* MATERIAL PROVIDED:

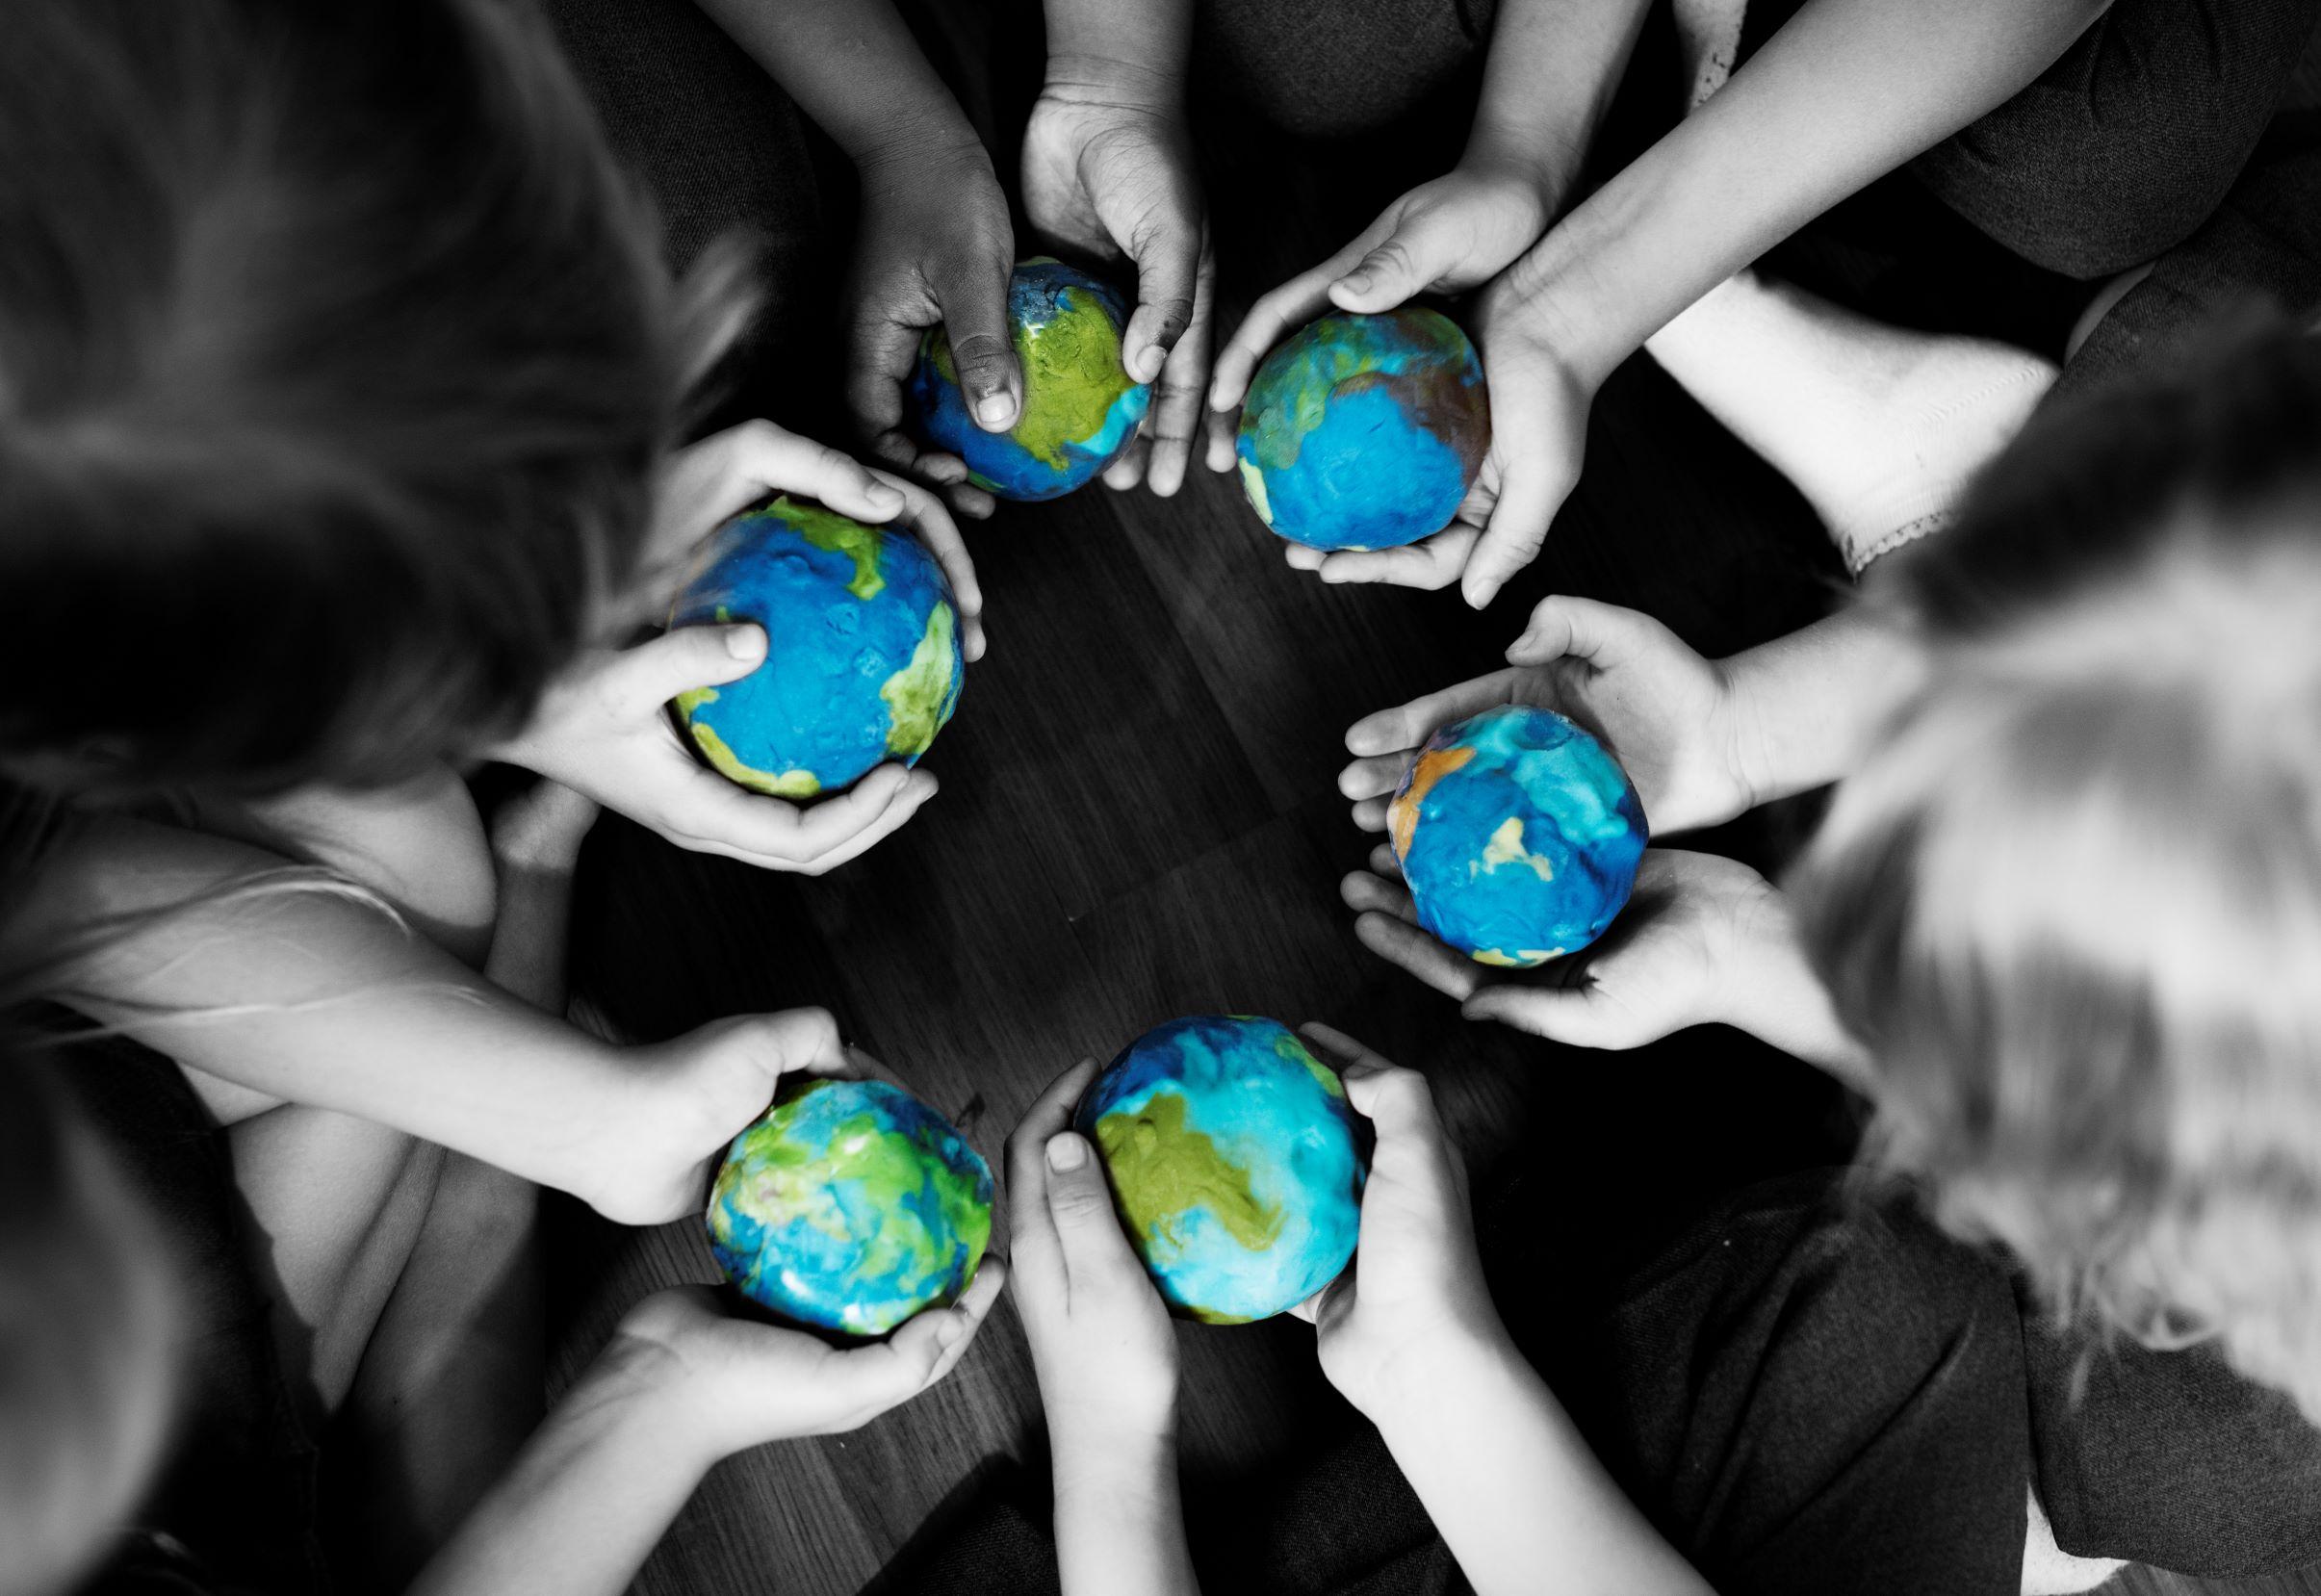 Sólo podemos ayudar a los niños si primero nos ayudamos a nosotros mismos.
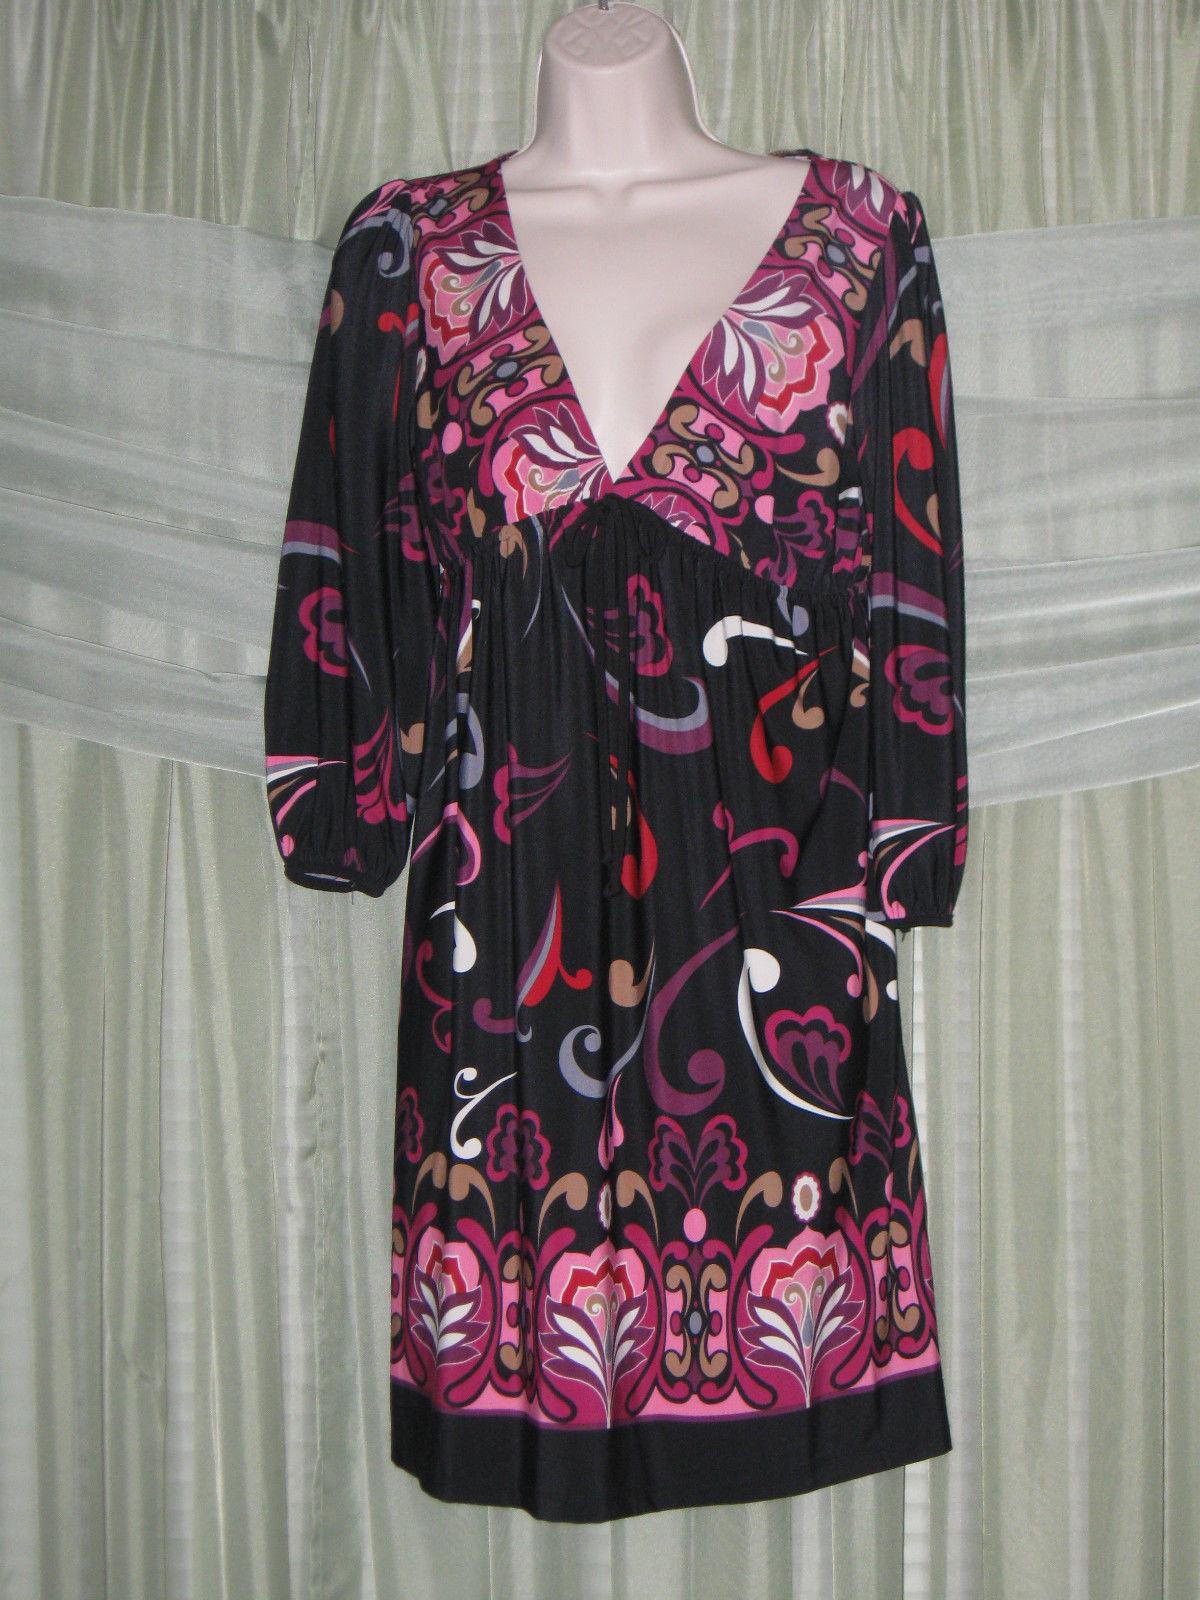 50db3cc845cbf9 M RHAPSODY V-Neckline Stylish Vintage Black and similar items
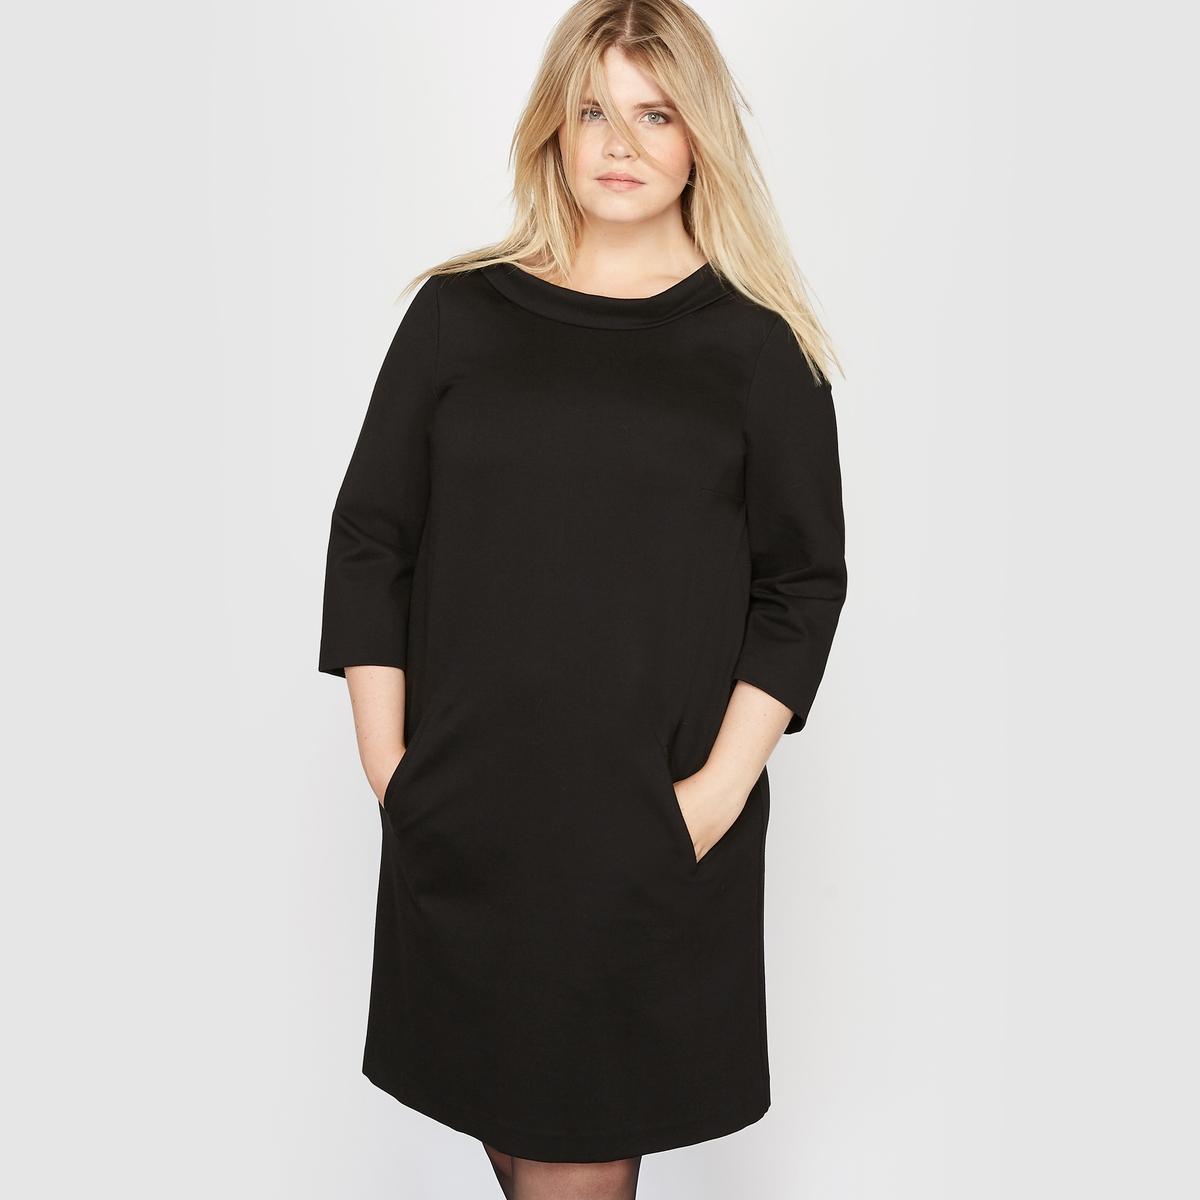 Платье из плотного трикотажа, рукава 3/4Состав и описание :Материал : тяжелый и плотный трикотаж, 70% вискозы, 25% полиамида, 5% эластана.Длина : 94 см для размера 42. Марка : CASTALUNA.Уход :Машинная стирка при 30°.<br><br>Цвет: черный<br>Размер: 56 (FR) - 62 (RUS)

* PROBLEM TO WORK ON: Omit the pictures and write out the remaining data exactly.

* OUTPUT FOR THIS TASK:
 Sólo podemos ayudar a los niños si primero nos ayudamos a nosotros mismos.
 50db3cc845cbf9 M RHAPSODY V-Neckline Stylish Vintage Black and similar items
 Платье из плотного трикотажа, рукава 3/4Состав и описание :Материал : тяжелый и плотный трикотаж, 70% вискозы, 25% полиамида, 5% эластана.Длина : 94 см для размера 42. Марка : CASTALUNA.Уход :Машинная стирка при 30°.<br><br>Цвет: черный<br>Размер: 56 (FR) - 62 (RUS)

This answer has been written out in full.